Isaac Asimov coined the term “ultrawave” or “hyperwave communications” in his Foundation novels in the 1950s, to refer to signals that propagate along “subspace,” a lower level dimension where travel is quicker. Only information can travel in subspace, but people and objects can’t. Jack Williamson mentioned “rhodomagnetic waves” in a few of his scifi stories, which function as a kind of intergalactic communicator, but also are the basis for a death ray, meaning in his universe, any ftl communication device can be rewired with a minimum of effort by a boffin into a lethal death ray.
In the 70s, Ursula K. le Guin popularized the term “Ansible” for this kind of communicator, instantly able to communicate regardless of distance. It’s this term that seemed to stick among fans and scifi culture, and most people with this device in their stories call it an “ansible” in homage to le Guin. Ansible communicators are just a part of scifi now, generic scifi worldbuilding, along with hyperspace travel, neuronic whips, space marines, and wisecracking robots. Many scifi writers have ansibles in their stories who are completely unaware of who originally coined the term and where.
For most scifi writers, instant FTL communication is just a plot convenience to move the story along. Even Asimov, who made overthinking things his M.O., didn’t spend any extra time thinking about it. But James Blish however, put a lot of energy into figuring out how a faster than light or instant communicator would actually work....and he came to the conclusion it would be a technology with enormous philosophical, and indeed, practically religious implications.
Here is what I mean by that. In his story “Beep” in 1954, James Blish came up with the idea of a Dirac Communicator, which is the usual instant, no delay ansible. But Blish reasoned that the only way instant faster than light communications could actually work without any delay is by sending a signal into a null-dimension without time, so every single message ever sent (past, present, future) is sent simultaneously in a timeless null point, with machines only able to decode the time-sealed relevant messages they receive.
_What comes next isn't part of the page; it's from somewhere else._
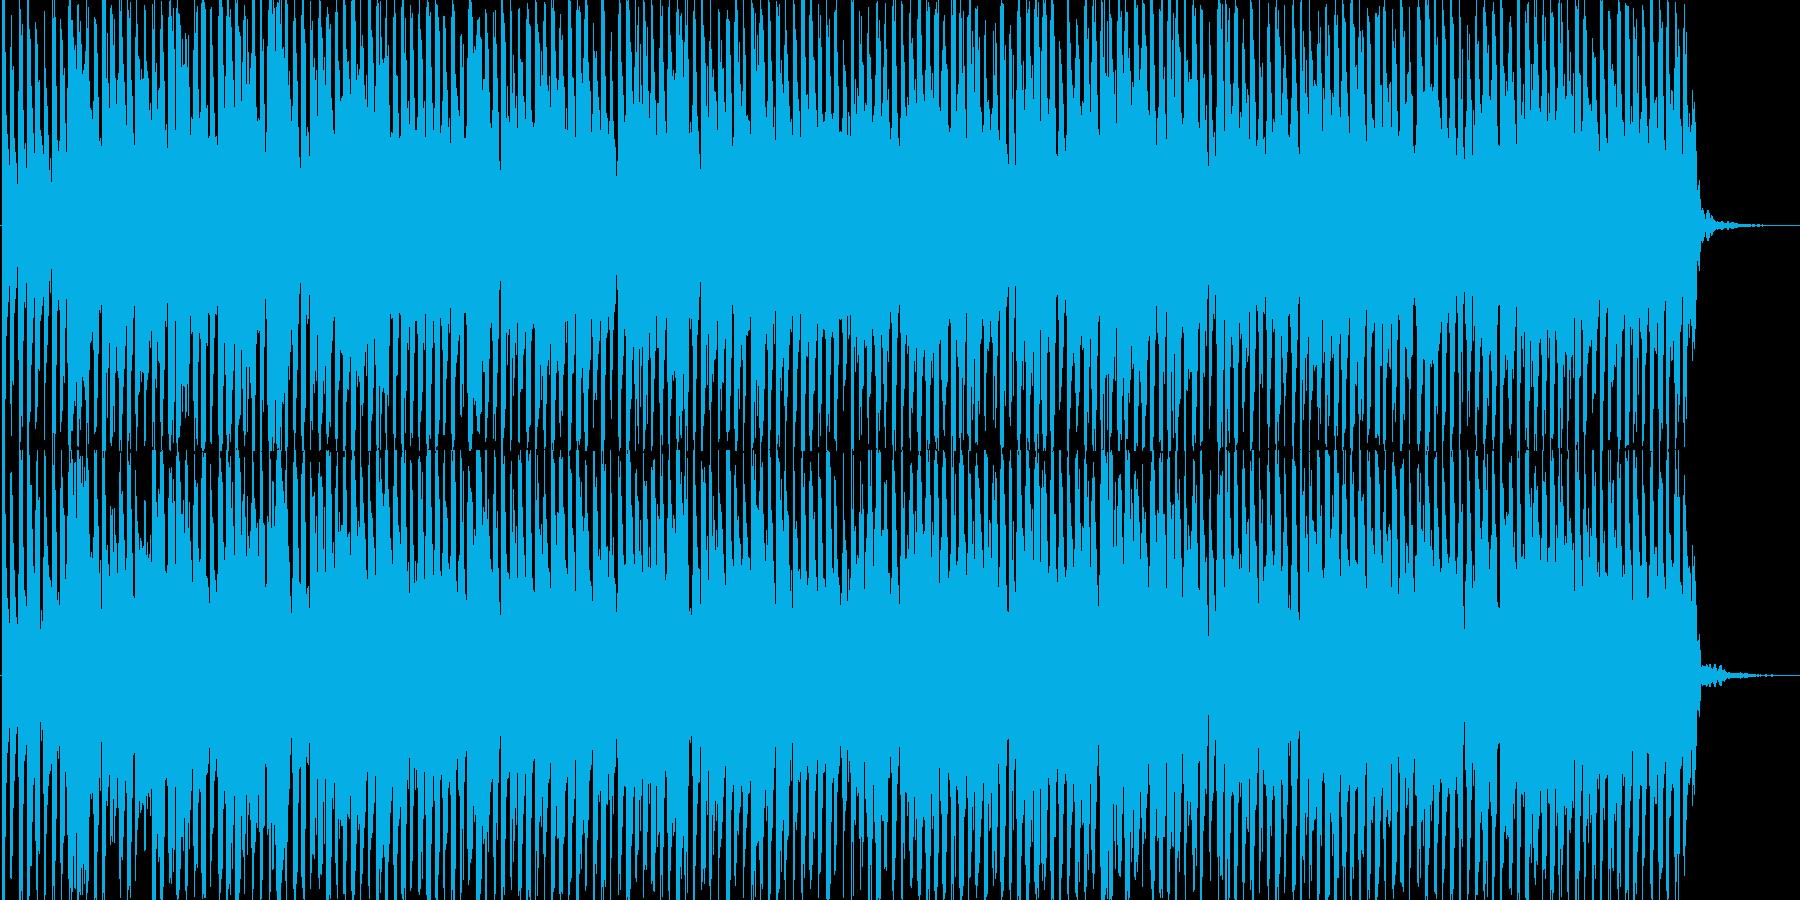 ファミコンゲーム風BGMの再生済みの波形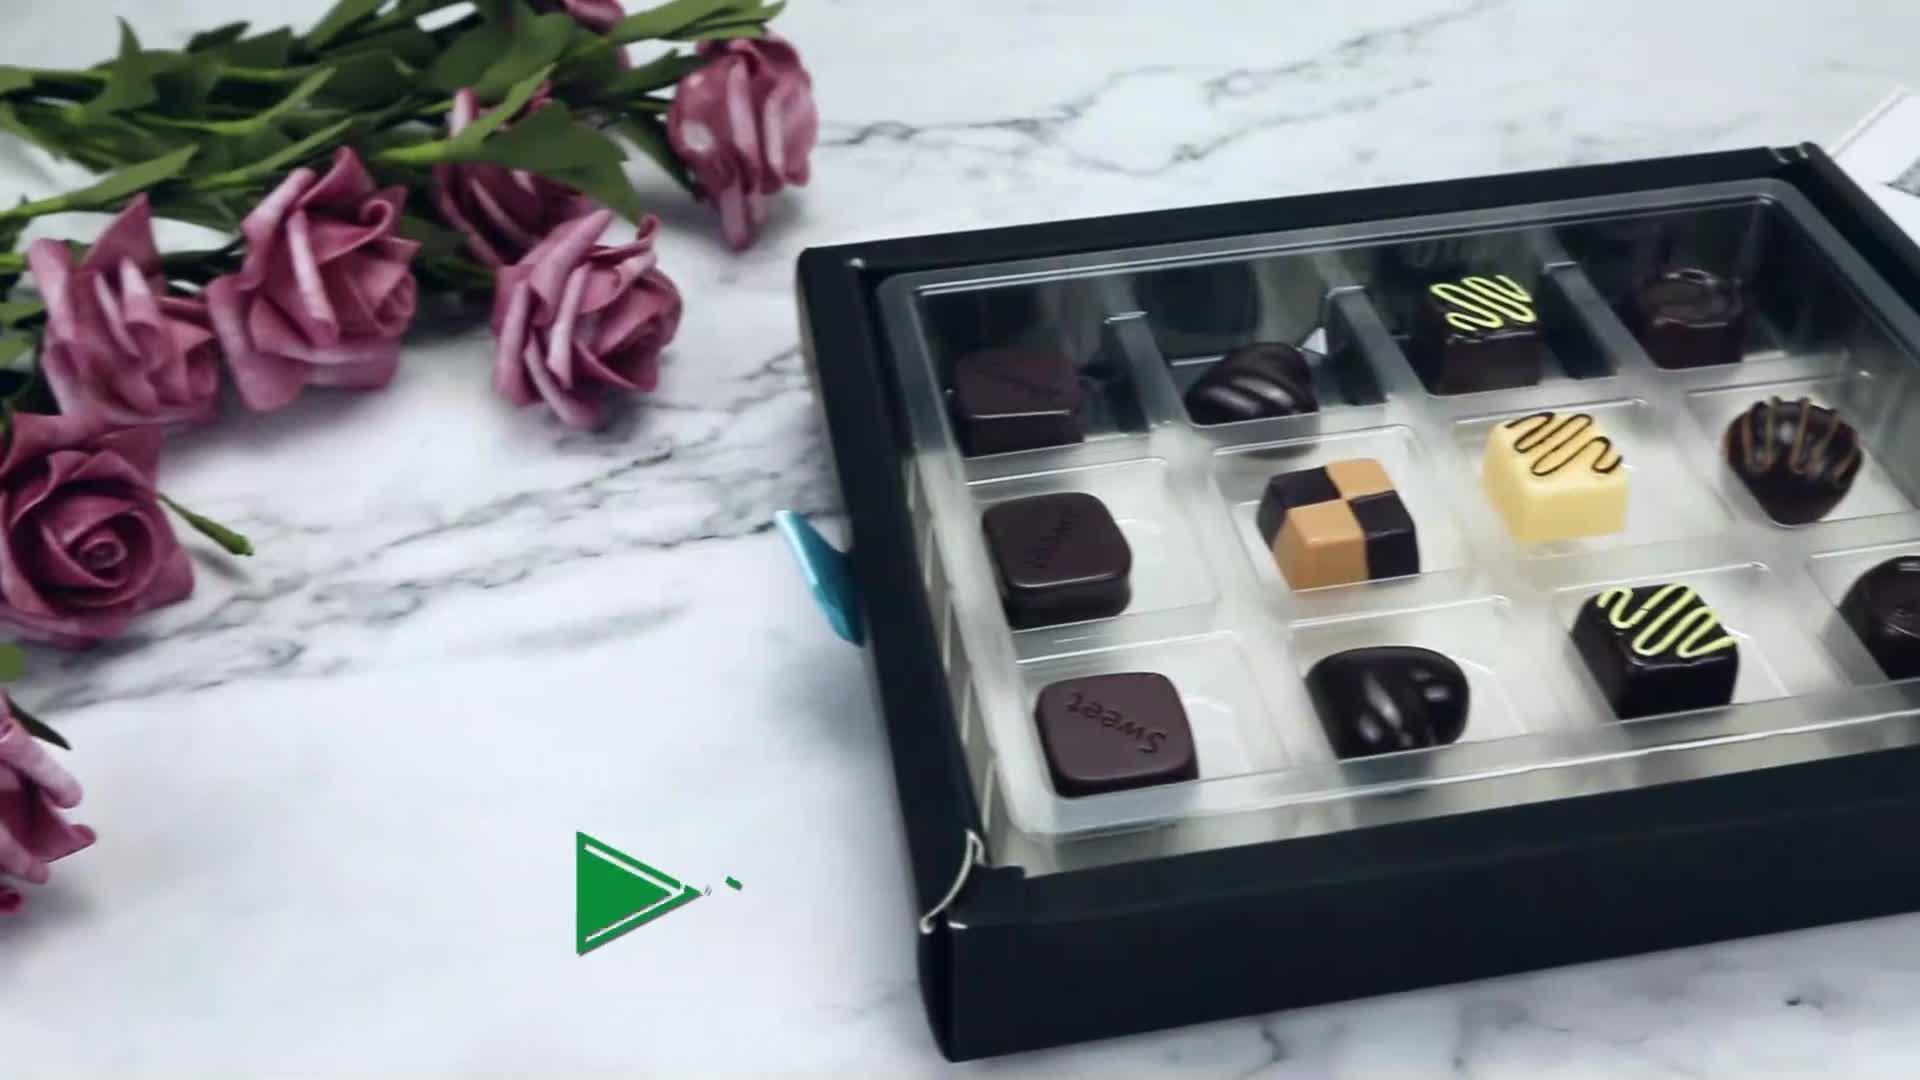 Descartáveis De Plástico PET Embalagem de Chocolate Bandejas Bandeja de Blister De Chocolate transparente

If you stop and consider this, if a technology worked this way, it means that we live in a completely deterministic universe where all our decisions are made in advance. And as Blish was intelligent (and wiseassed) enough to point out in his 1954 story, it means that if faster than light communications actually work in the universe, that free will is an illusion, and that we actually do not have it. The universe is a watch proceeding on a predetermined pattern set at the moment of creation. An interesting conclusion to draw, all from a technology scifi takes for granted and sit in the background.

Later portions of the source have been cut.